Date: Wed, 19 Sep 2001 04:13:44 -0400
To: Matthew Gaylor <freematt@coil.com>
From: Matthew Gaylor <freematt@coil.com>
Subject: CIA leads calls for repeal of ban on state-sanctioned
 assassinations
Content-Type: text/plain; charset="us-ascii" ; format="flowed"

CIA leads calls for repeal of ban on state-sanctioned assassinations <http://news.independent.co.uk/world/americas/story.jsp?story=94637>

By Rupert Cornwell 18 September 2001

The Central Intelligence Agency admitted yesterday that people with unsavoury backgrounds would be candidates for recruitment as pressure increased for the CIA to return to the assassination policy jettisoned more than two decades ago.

A CIA spokesman, Bill Harlow, said: "The CIA has never turned down a field request to recruit an asset in a terrorist organisation. Furthermore, the CIA does not avoid contact with individuals, regardless of their past, who may have information about terrorist activities."

Senior figures from President Bush and Vice-President Dick Cheney down (among them, Mr Bush's father and former President, George Bush, who is also a former director of the CIA) have complained that the agency's hands have been tied by restrictions imposed in the 1970s, fuelled by popular revulsion of its excesses under President Nixon. Among them are the ban on assassinations signed by President Ford in 1976, and subsequent expanding orders from Presidents Carter and Reagan.

The 1978 Foreign Intelligence Surveillance Act placed strict limits on the operations of the country's main electronic eavesdropping agency, the National Security Agency, within the US. All that, however, is now changing.
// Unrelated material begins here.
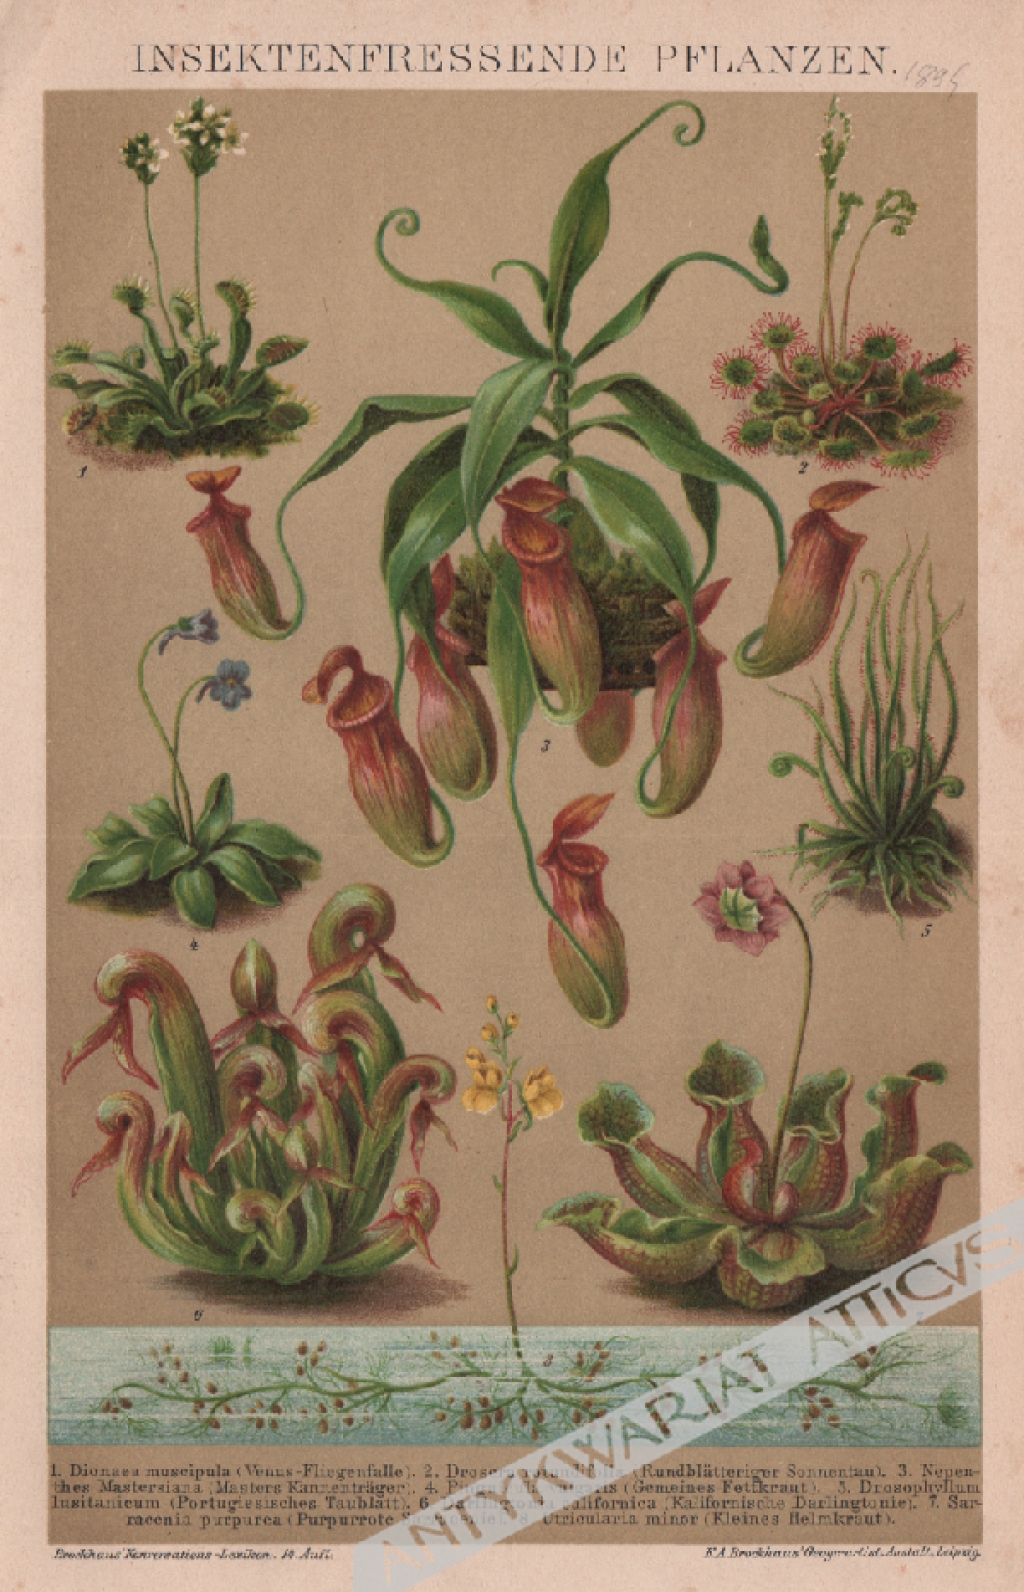 [rycina, 1898] Insektenfressende Pflanzen [rośliny owadożerne]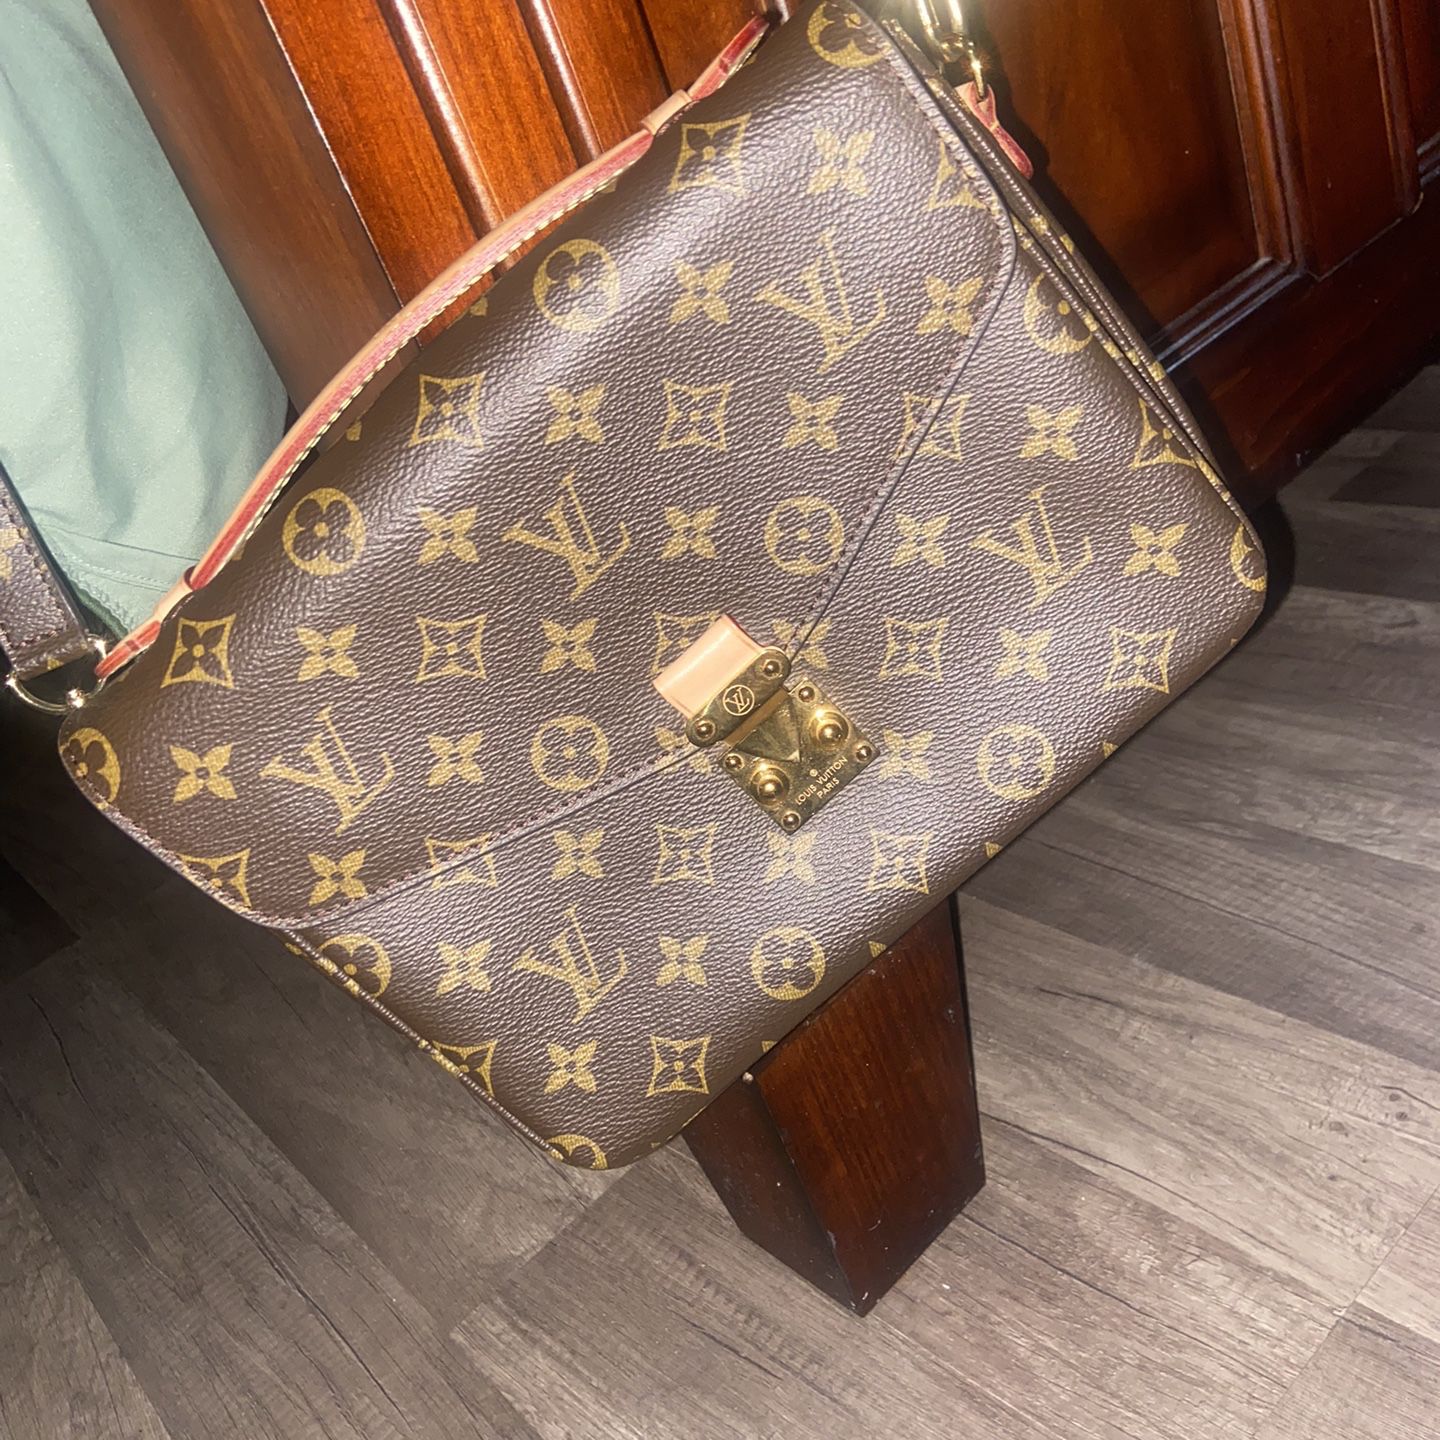 Louis Vuitton Bag #61930-1 for Sale in Mesa, AZ - OfferUp

Dennis Hastert, the Speaker, said yesterday: "We've got to give the President the power and the money to smoke these people out of the shadows." But any easing of restrictions will be opposed by civil rights groups.

The assassination ban is a presidential executive order, meaning that Mr Bush can reverse it without going through Congress, and thus enable the CIA to go after Osama bin Laden with the full authority to kill him or any other political figure held to have organised or sponsored terrorist attacks. Most of the other limits on CIA and FBI powers have been passed by Congress, meaning they can only be amended by new legislation. This is why the Justice Department, which is responsible for the FBI, has sent a package of proposals to Capitol Hill that would widen its powers to carry out wiretaps and detain foreigners.

But some experts say there is little evidence that the curbs were behind its failure to detect the plot in advance. "The FBI already has tremendous powers," said David Cole, a law professor at Georgetown Univers- ity here. The root problem is acknowledged to be a shortage of human intelligence, as opposed to the electronic variety on which the US spends billions.

Nor is the CIA barred by law from enlisting and paying unsavoury informants, who may well be terrorists themselves; such recruitment on the field merely has to be approved at a higher level back in Washington, and have a strong likelihood that the move will produce valuable results.

The real problem, many analysts say, is a tendency to "self-censorship" by the agency, after the controversy over its past operations, compounded by a plummeting of morale after the debacle of the Soviet super-mole Aldrich Ames, who was unmasked in 1994.

Now the CIA is the target of the finger-pointing. Within hours of the attacks, senior Republicans especially were complaining of an intelligence failure, and some are calling for the head of George Tenet, its director. Mr Tenet had been praised widely for quietly rebuilding the agency, but three major television networks have had to cancel flattering dramas on the agency. He seems safe, for now at least, after an explicit expression of support from the Vice-President Cheney.

For the FBI, no less discredited than the CIA by the inability to provide warning of the attacks, the aftermath brings a chance of redemption. Until last week, under its new director Robert Mueller, the bureau was struggling to recover after its own espionage scandal, the uncovering of another Soviet and Russian mole, Robert Hanssen, at the heart of its counter-intelligence operations. Now, with 7,000 agents on the case, it has the chance to show that it can wrap up the terrorist cells that officials warn may still exist here, and help unravel the networks abroad.